Me: oh no, I’m just trying to reach dinner peas
I parallel parked perfectly in front of my boys and now they think I’m possessed.
FRIEND: How’s the new girlfriend?
ME: She’s a real queen bee.
FRIEND: *rolls eyes* Haha. Suuure.
*a faint buzzing from my pocket*
ME: Dude, she’s right here.
My kids are really competing for least favorite today.
You know, sometimes bad things happen to exactly the right people.
So many Jehovah’s Witnesses and yet still not a shred of Jehovah’s Evidence.

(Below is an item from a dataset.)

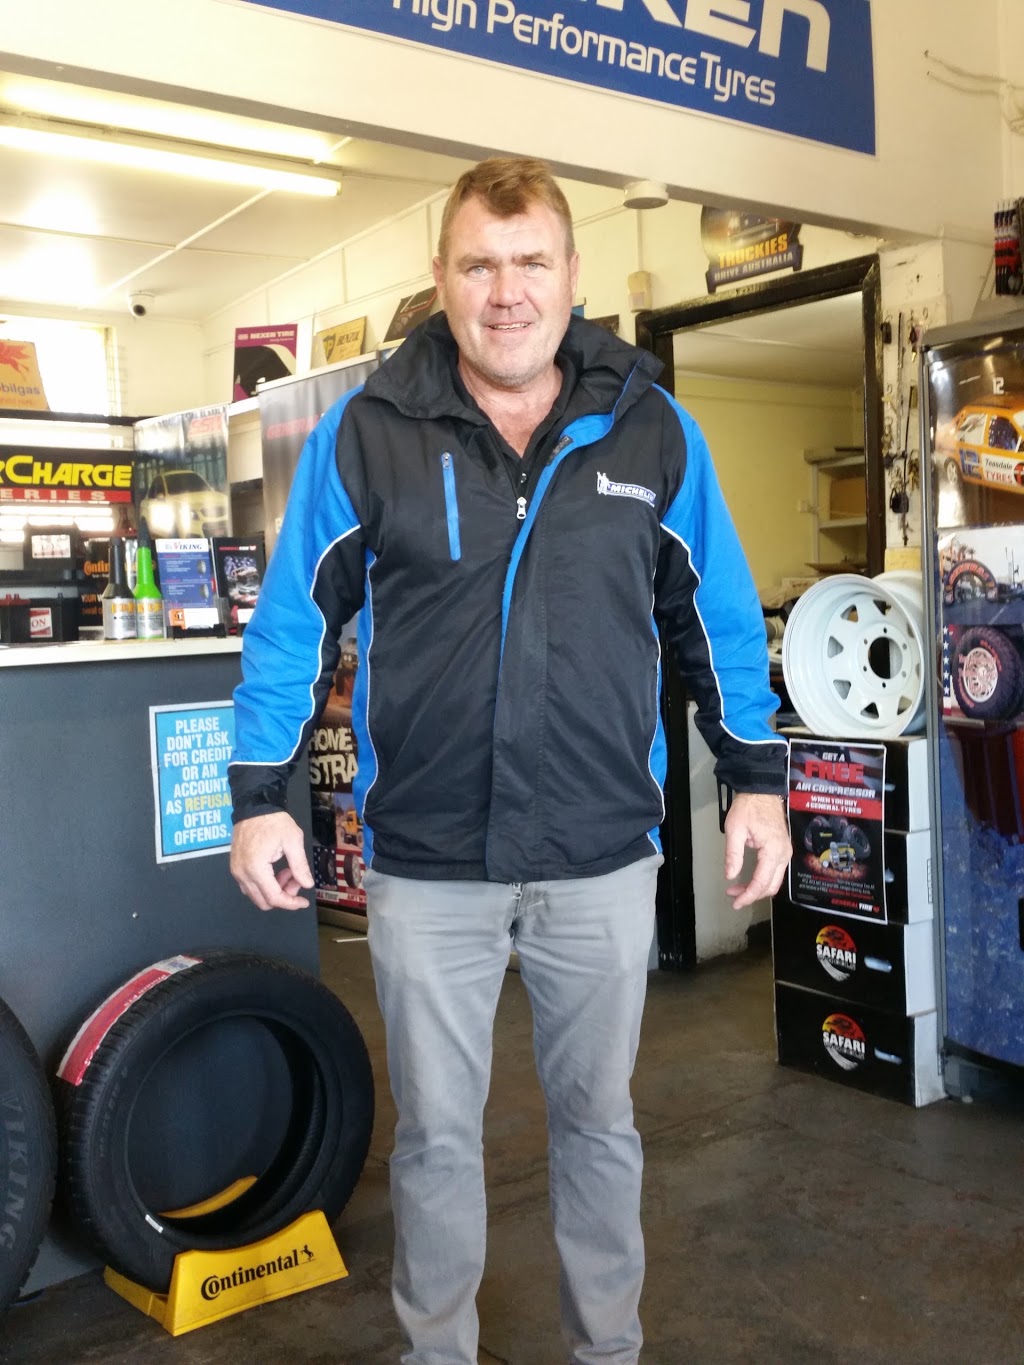 Teasdale Tyres | car repair | 32 Cessnock Rd, Weston NSW 2326, Australia | 0249371596 OR +61 2 4937 1596

I made my 9 year old french toast with syrup this morning per his request but promptly found out that he thought the fork and knife I provided were just a fun suggestion so anyway how do you get maple syrup off pants?
Early morning sibling drama: 4 is upset with 6 because he told 4 everyone in the family featured in his fun dream except her because his dream “was limited to those aged 6+.”
Sometimes I answer the door in a towel when I get an Amazon delivery. Even if I’m wearing clothes underneath.